Just like adding omega 3’s to Country Crock does not make it healthy.

Just like adding canola oil to popcorn or French fries does not make them healthy.

Companies often reformulate some of their product slightly so they can be considered “better for you”, but in essence they will still contain all the same crap as before. Don’t get me wrong, I love Lucky Charms and French fries, but they can’t be considered healthy or even close to it, even when I read that whole grains have been added or canola oil was used. If I eat Lucky Charms, it is on my cheat day. Same goes for French fries.

Sometimes we need convenience over quality. I am definitely guilty of this. When we are shopping for the pre-packaged or processed stuff, the labeling and marketing can be overwhelming, and even a bit deceiving. When you really need that convenience item, it is easier to justify buying it when it says No Trans Fats, or Whole Grains, or Calcium Enriched, etc. When you really want a “snack” it is also easier to justify it when the label says enriched with Omega 3’s, Made from Whole Grains, etc.

Some people really believe that these additions like Whole Grains, Omega 3’s (or even subtractions like NO Trans Fats) make the food healthy. I know a few of these people. So for those people, it is not your fault… you don’t know what you don’t know. You have been bamboozled by advertising. So I return to the analogy – Does adding vitamin C to cocaine make it healthy?

I am certainly not saying to never buy processed or pre-packaged foods. We can’t live without them (at least I can’t). So for those of you who are justifying buying pre-packages stuff, recognize that you are justifying, and don’t deny that you are making a poor food choice. For those of you who don’t know, now you do know. Pre-packaged or processed food is not healthy… even if the packaging makes you think it is.

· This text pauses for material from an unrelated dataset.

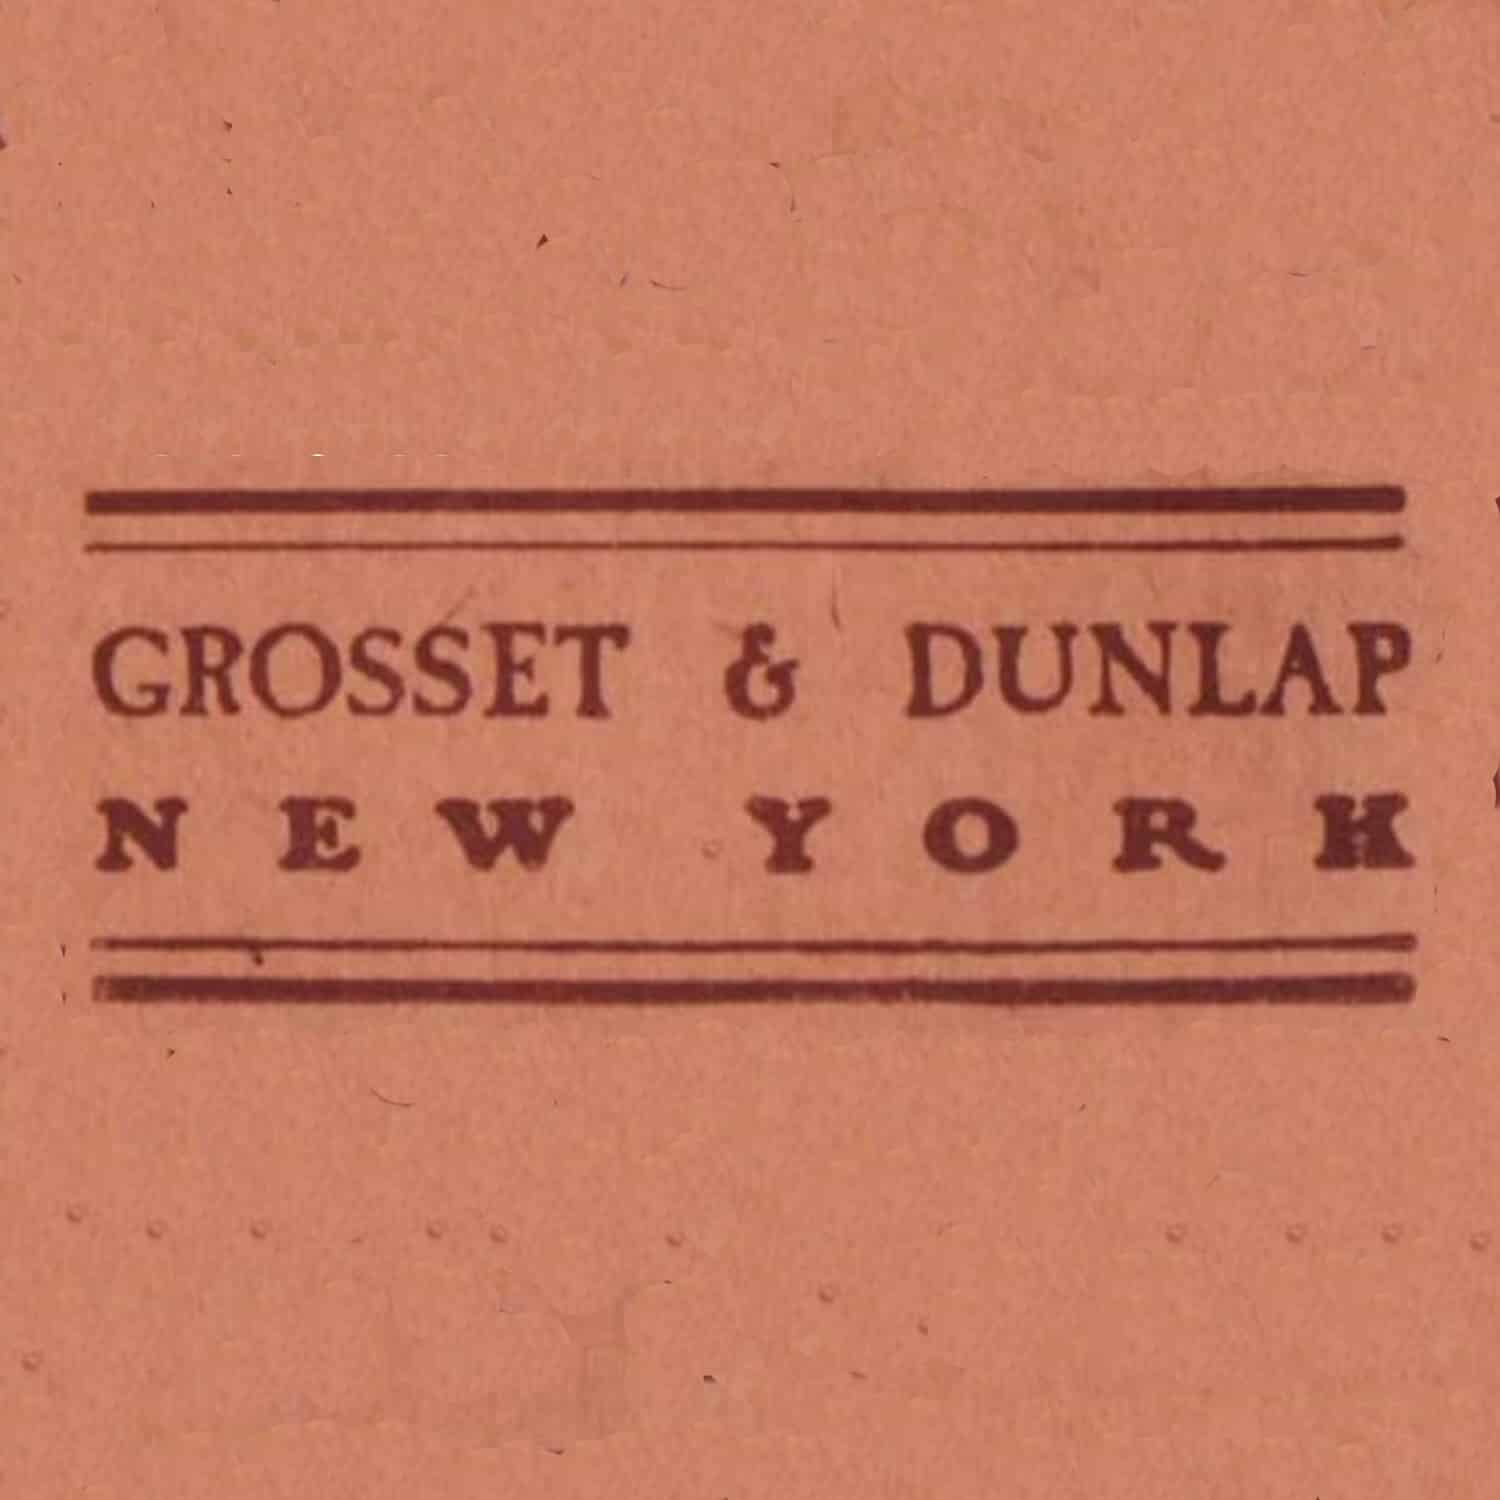 Grosset & Dunlap Inc.,U.S.

Just like with most things, there are choices and then there are better choices. So when you need that pre-packaged convenience, look for products from Odwalla, Morningstar, Health Valley, Boca, and my favorite is Kashi. These are the ones I look for when I need a pre-packaged choice.

Still, Buyer Beware.  Just because you choose a product from a company that has a healthy reputation, you must read the label no matter what.

As I was looking online for general nutritional info, I came across a blip that said Kashi owned by Kellog. This can’t be right, I thought. I must have misread it. I googled it and found that many of my favorites are owned by major, familiar corporations.

Here are a few examples of the “healthy, organic” industry structure.

• Heinz owns Hain, Breadshop, Arrowhead Mills, Garden of Eatin’, Farm Foods, Imagine Rice and Soy Dream, Casbah, Health Valley, DeBoles, Nile Spice, Celestial Seasonings, Westbrae, Westsoy, Little Bear, Walnut Acres, Shari Ann’s, Mountain Sun, Millina’s Finest, etc.

• Kraft owns Boca Foods and Back to Nature.

• Coca-Cola owns Odwalla.

• Pepsi owns Naked Juice.

• Hershey Foods owns Dagoba.

• M&M Mars owns Seeds of Change

• Kellog owns Kashi and Morningstar Farms

• General Mills owns Cascadian Farm

• ConAgra owns Lightlife

I will still buy Kashi, Odwalla, Boca, and Morningstar when I need a specific item, but I am going to start reading the labels on these choices as carefully as I read the labels on the bagel bites I buy for the kids. Knowledge is always a good thing.